- [Recorded data]
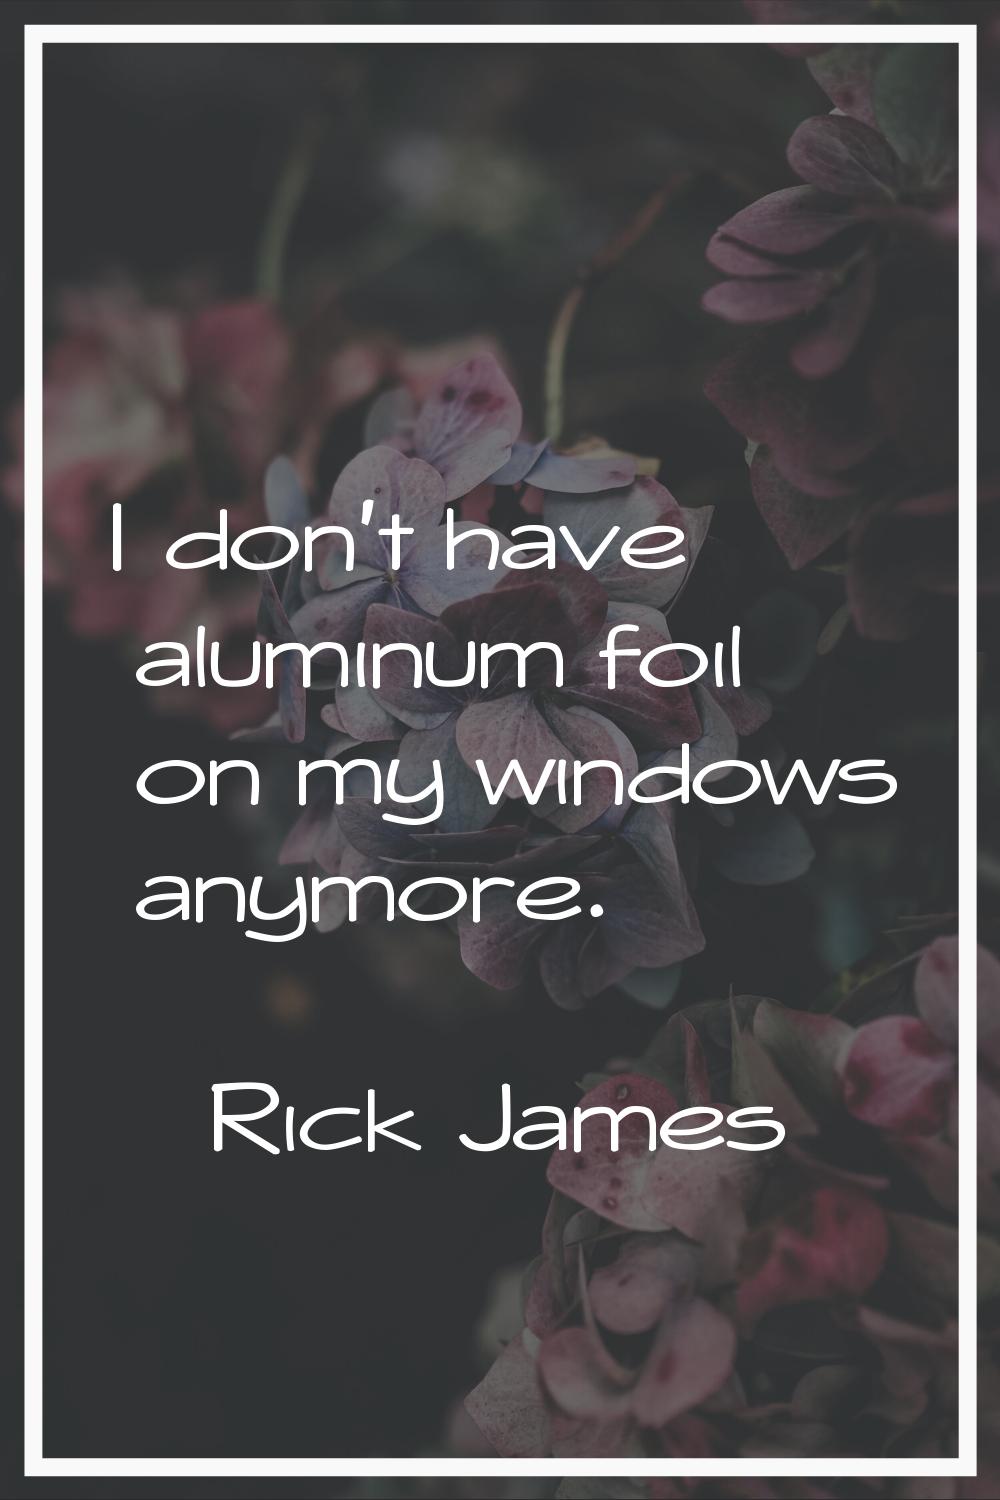 I don't have aluminum foil on my windows anymore.
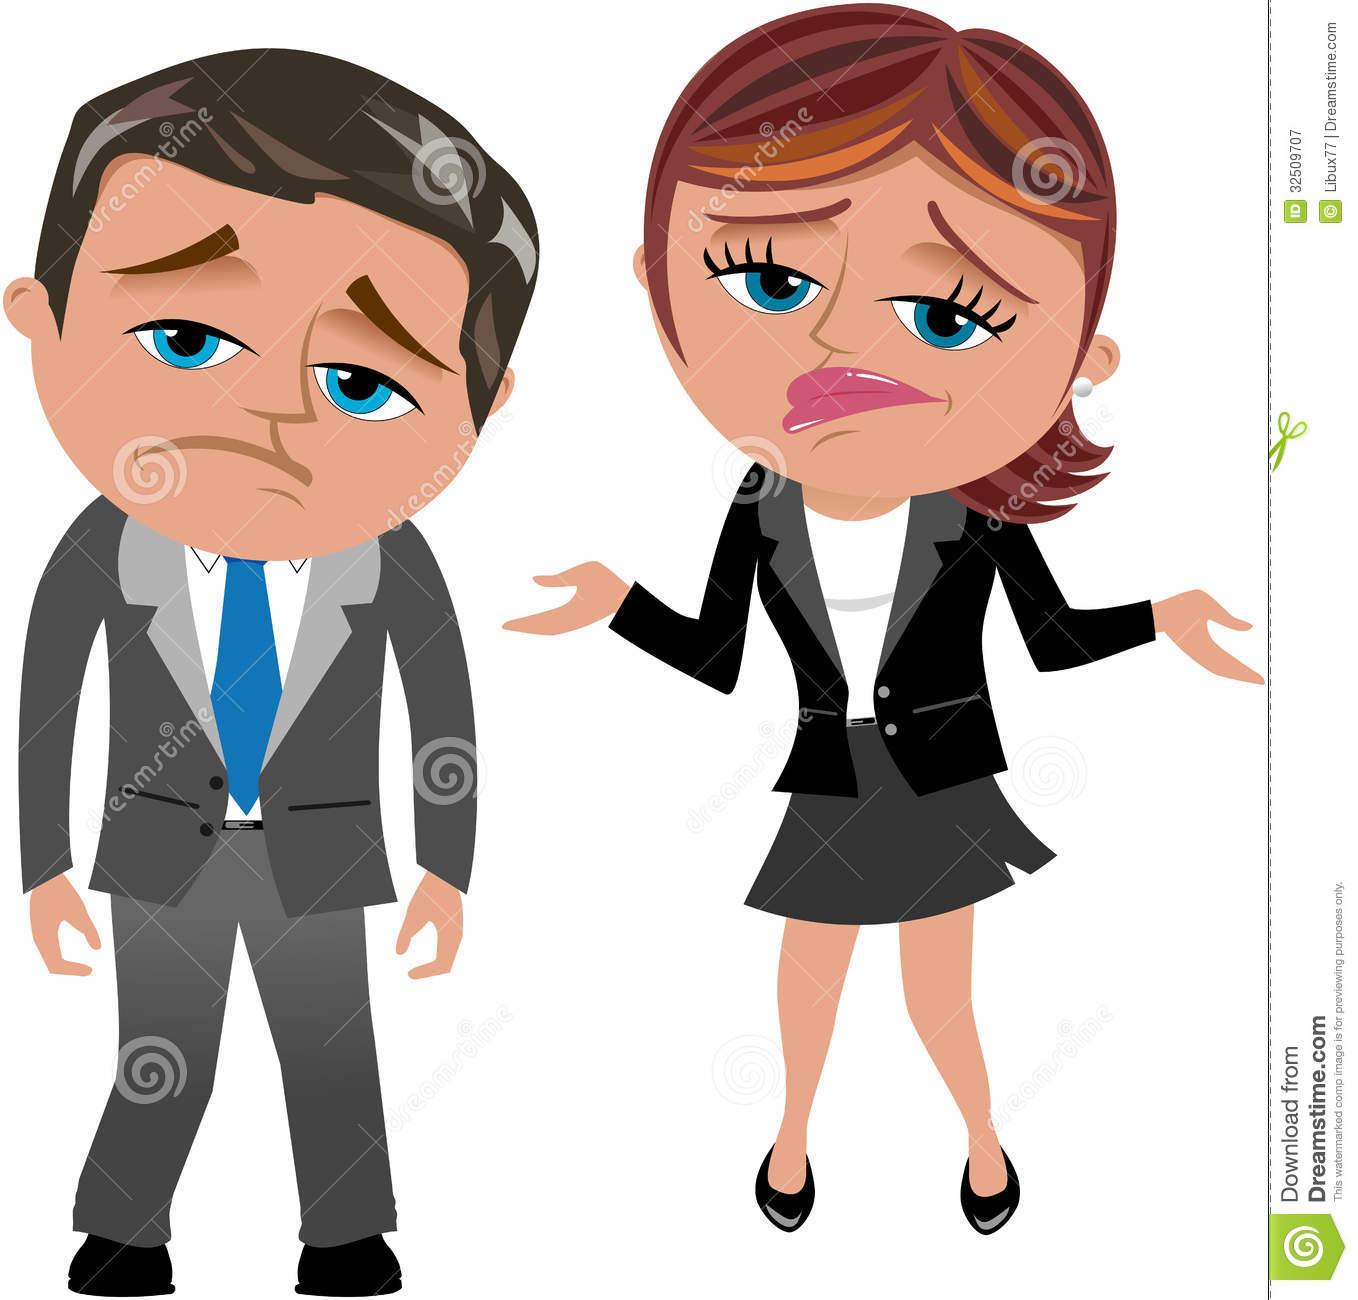 Cartoon Business Woman Meg And Business Man Bob Are Disappointed For
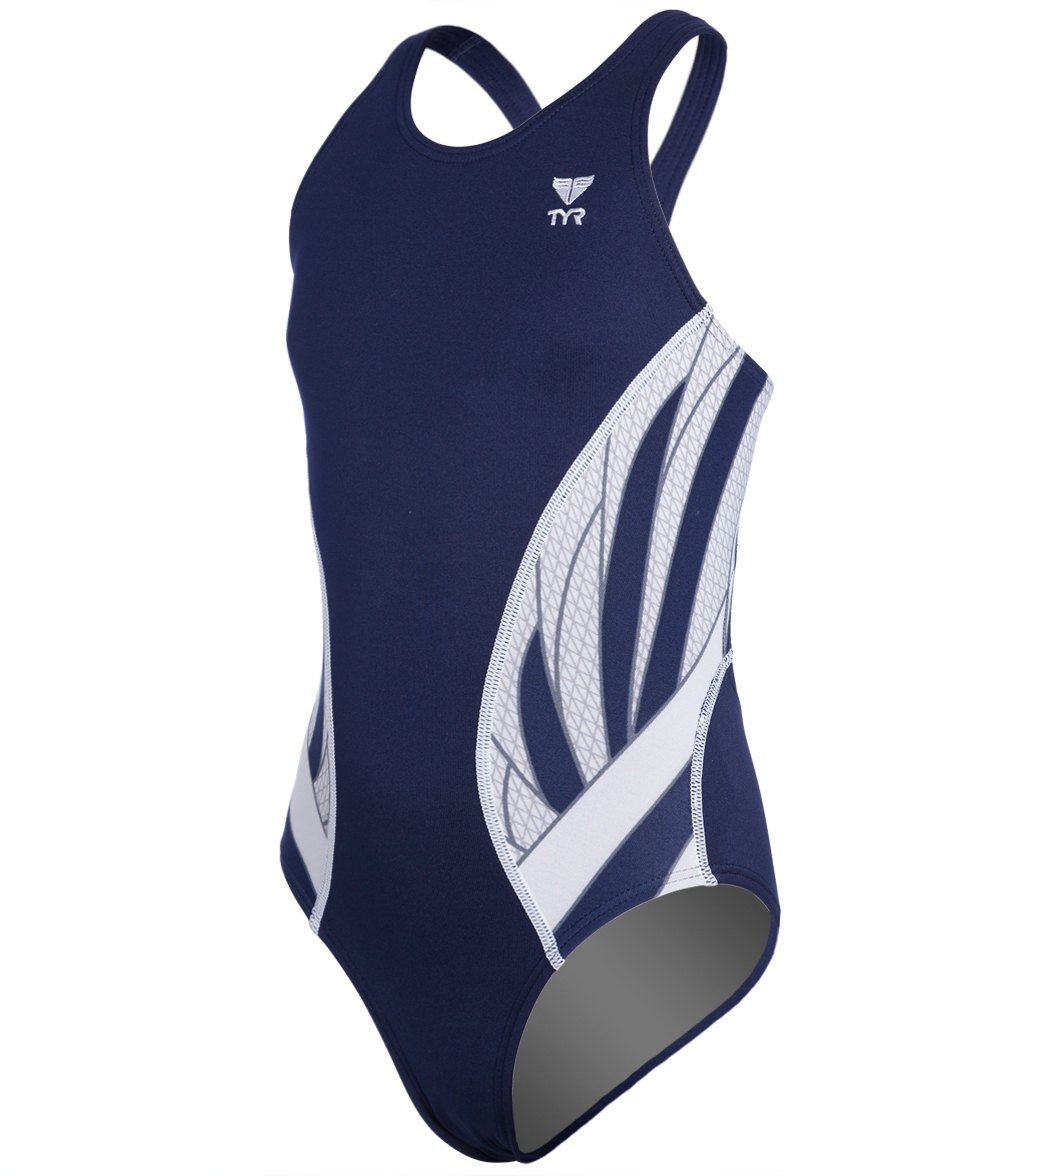 TYR Girls' Phoenix Maxfit One Piece Swimsuit - Navy/White 22 Polyester/Spandex - Swimoutlet.com
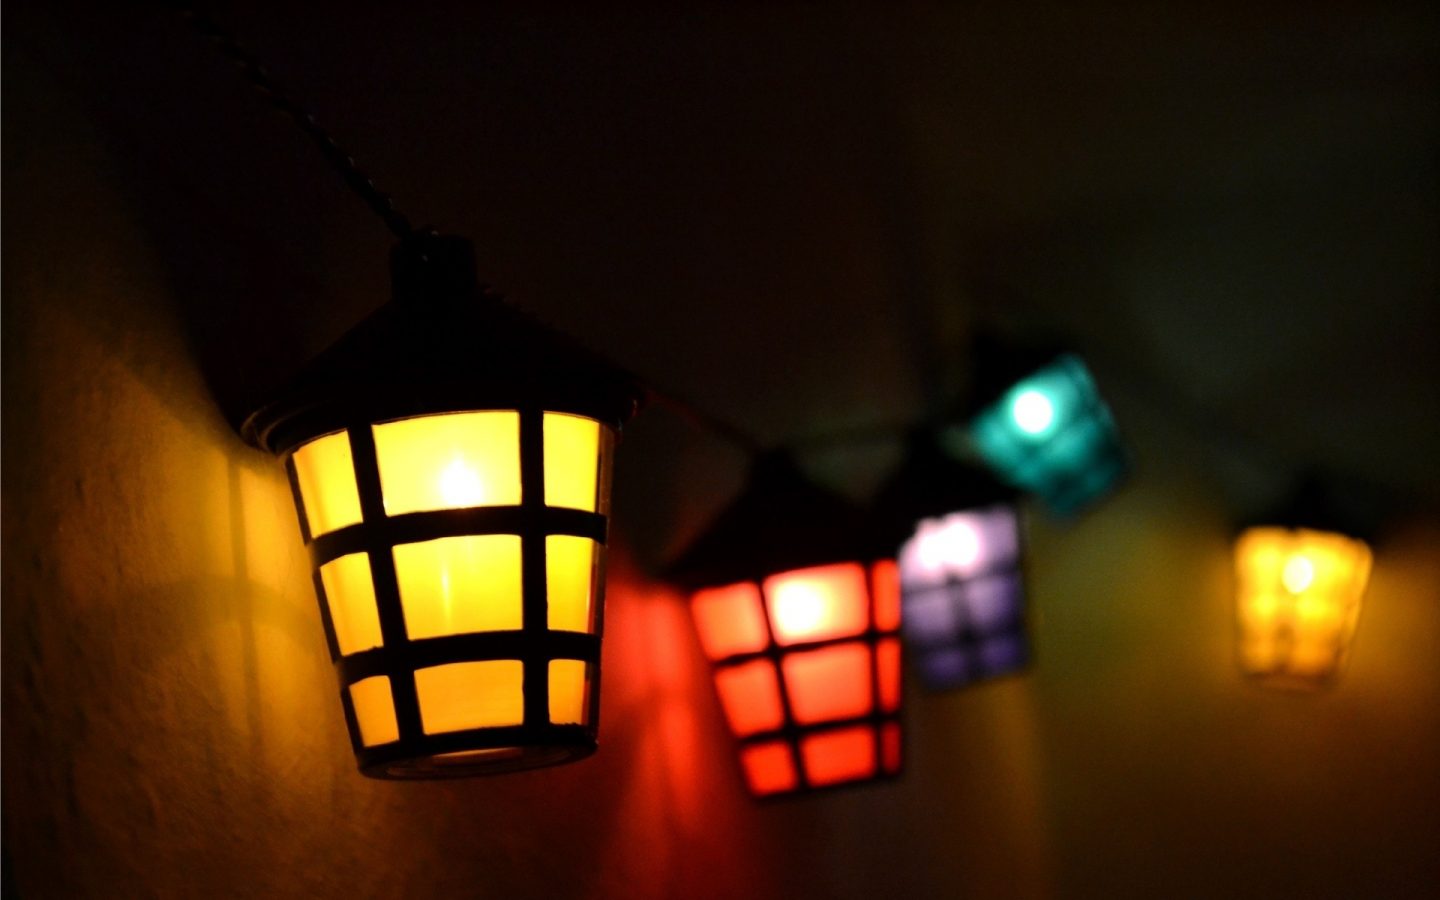 lights, colors, red, blue, purple, yellow, lamp

- [Directions]
Copy out the lines above unchanged. Skip the images.

- [Response to this exercise]
 I don't have aluminum foil on my windows anymore.
 Cartoon Business Woman Meg And Business Man Bob Are Disappointed For
 TYR Girls' Phoenix Maxfit One Piece Swimsuit - Navy/White 22 Polyester/Spandex - Swimoutlet.com
 lights, colors, red, blue, purple, yellow, lamp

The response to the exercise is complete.